2. Background Information 
Floor mats of the "throw-in" or accessory type are widely employed to 
protect the carpeted floors of automobiles and other vehicles. These mats 
are generally manufactured with a planar configuration and are usually 
formed from a material sufficiently flexible to conform in a general way 
to the multiplicity of shapes and contours characteristic of automobile 
floors. 
A problem associated with automobile floor mats is their tendency to wear 
in certain "high use" areas, e.g., where the driver's feet are usually 
stationed. Specifically, a floor mat located on the driver's side of an 
automobile tends to wear more extensively near the gas pedal. Because of 
the extended wear in these "high use" areas, it is common to attach what 
is known as a heel pad to the floor mat. Because heel pads need to 
withstand extensive wear and tear, they preferably are constructed of a 
woven heavy-weight carpet with an appropriate backing. 
Since the heel pad is separately formed from the floor mat, the heel pad 
and floor mat must be joined together. The conventional technique used to 
join heel pads to floor mats is through the use of a hot melt adhesive 
film or glue, together with processing through a heat tunnel. However, 
while this technique can be used with materials having high melting 
points, such as nylon, the heat tunnel technique cannot be successfully 
employed with heel pads and floor mats made from materials having lower 
melting point temperatures, like polypropylene. The temperatures required 
in the heat tunnel technique tend to melt the polypropylene material, 
thereby resulting in the unsightly distortion of the accessory mat. 
However, under certain circumstances, it is desirable to fabricate floor 
mats and heel pads from such materials.
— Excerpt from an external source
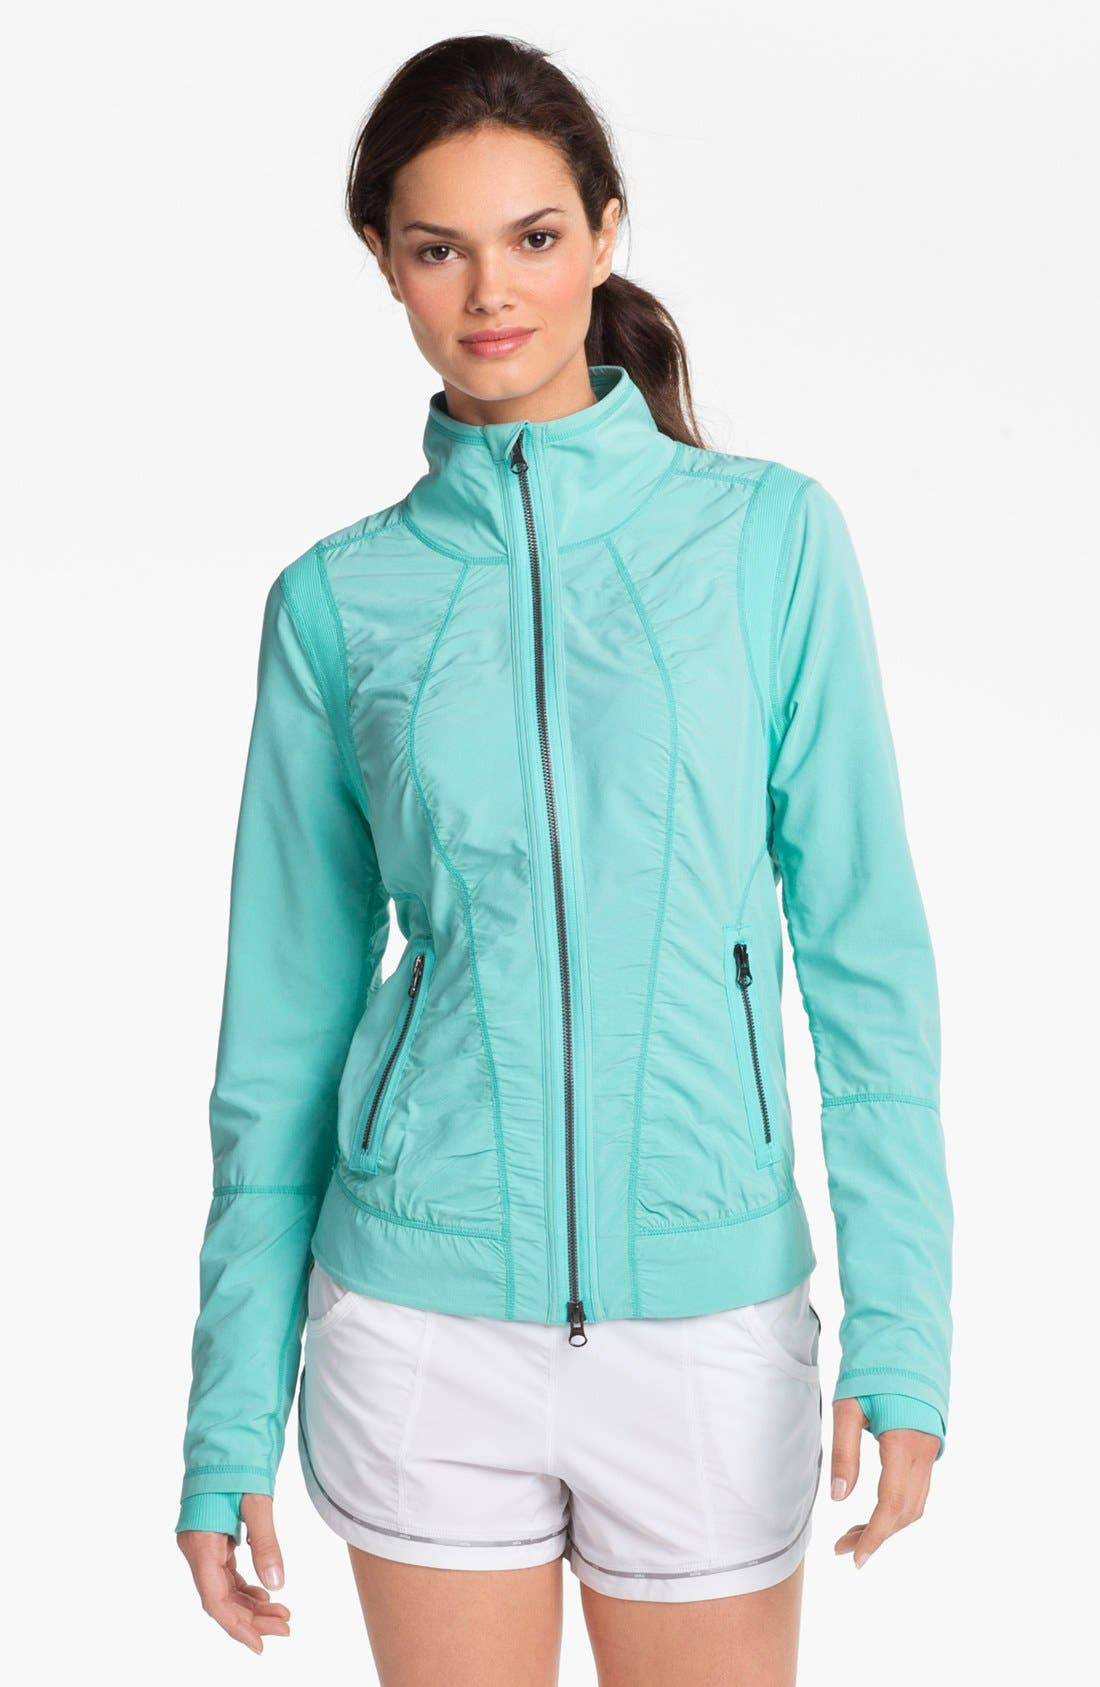 Main Image - Zella 'Natalie' Running Jacket
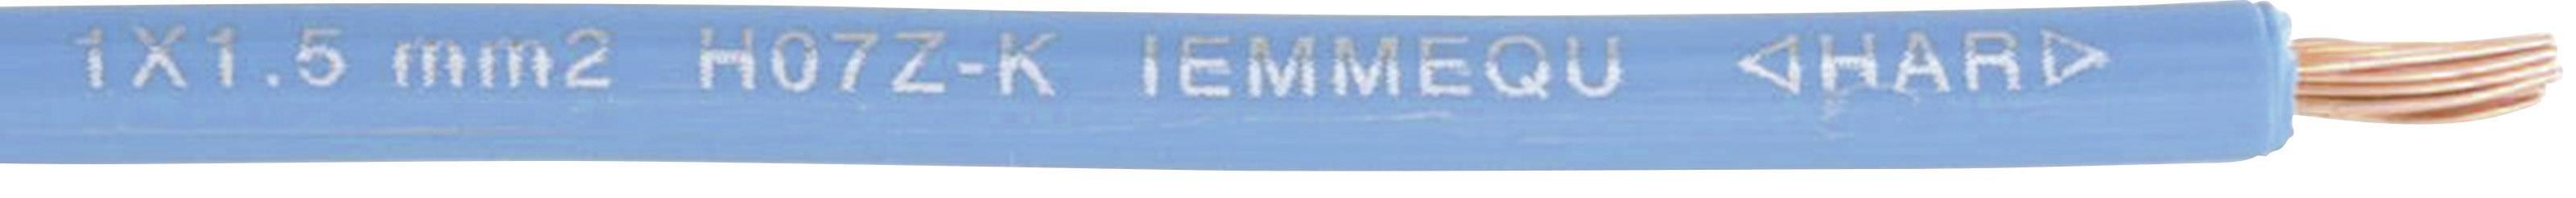 Opletenie / lanko Faber Kabel 040276 H07Z-K, 1 x 4 mm², vonkajší Ø 4.40 mm, 100 m, svetlomodrá

One desirable reason to use 
polypropylene is to offer a recyclable accessory mat. 
Moreover, the conventional technique of the heat tunnel is unable to 
produce a joined heel pad and floor mat having a perimeter region of the 
heel pad made flush (or recessed in relation) to the upper surface of the 
floor mat. Therefore, the edges of a resulting heel pad sit above the 
floor mat, and are exposed for contact with the driver's feet. In 
addition, the heat tunnel method also does not always result in a 
sufficient bond between the heel pad and floor mat, and the edges of the 
heel pad may peel away from the floor mat and result in fraying and 
unraveling. Therefore, it may be necessary to "rim seal" the perimeter 
region of the nylon heel pads to the floor mats. The conventional method 
for rim sealing the perimeter region is by way of a radio frequency (RF) 
welding technique. By rim sealing the perimeter region by RF welding, a 
greater bond can be achieved between the heel pad and floor mat, and the 
edges of the heel pad can be recessed into the floor mat so that the 
interior region of the heel pad can be made flush to the upper surface of 
the floor mat. RF welding, however, cannot be employed with materials 
having low melting point temperatures, such as polypropylene, again 
because of the melting of the material and unsightly distortion thereof. 
Also, where RF welding is appropriate, such as with nylon materials, a 
channel is formed about the peripheral edge of the heel pad, which may not 
always be desirable. 
Thus, a need exists for a new tool and method for joining heel pads to 
floor mats, which can be effectively used on floor mats and heel pads 
constructed from materials having low melting point temperatures. The 
structure and method of the present invention presents a solution to the 
aforementioned problems. 
SUMMARY OF THE INVENTION 
Briefly, the present invention satisfies this need and overcomes the 
shortcomings of the prior art through the provision of tooling and a 
method for joining a heel pad to a floor mat. The tool of the subject 
invention includes a platen having a first region and a second region. A 
first plurality of pins may extend from the first region of the platen, 
and a second plurality of pins may extend from the second region of the 
platen. The first plurality of pins are arranged to be non-parallel to the 
second plurality of pins. 
The method of the subject invention for joining a heel pad to a floor mat 
includes applying a glue between the heel pad and the floor mat, and 
thereafter vibrationally welding the heel pad and floor mat such that a 
perimeter region of the heel pad may be even with or recessed lower than 
an interior region of the heel pad. 
Another aspect of the present invention is a method for joining a perimeter 
region of a heel pad to a floor mat, which includes ultrasonically welding 
a portion of the perimeter region of the heel pad to the floor mat, and 
thereafter ultrasonically welding the remaining portion of the perimeter 
region of the heel pad to the floor mat. 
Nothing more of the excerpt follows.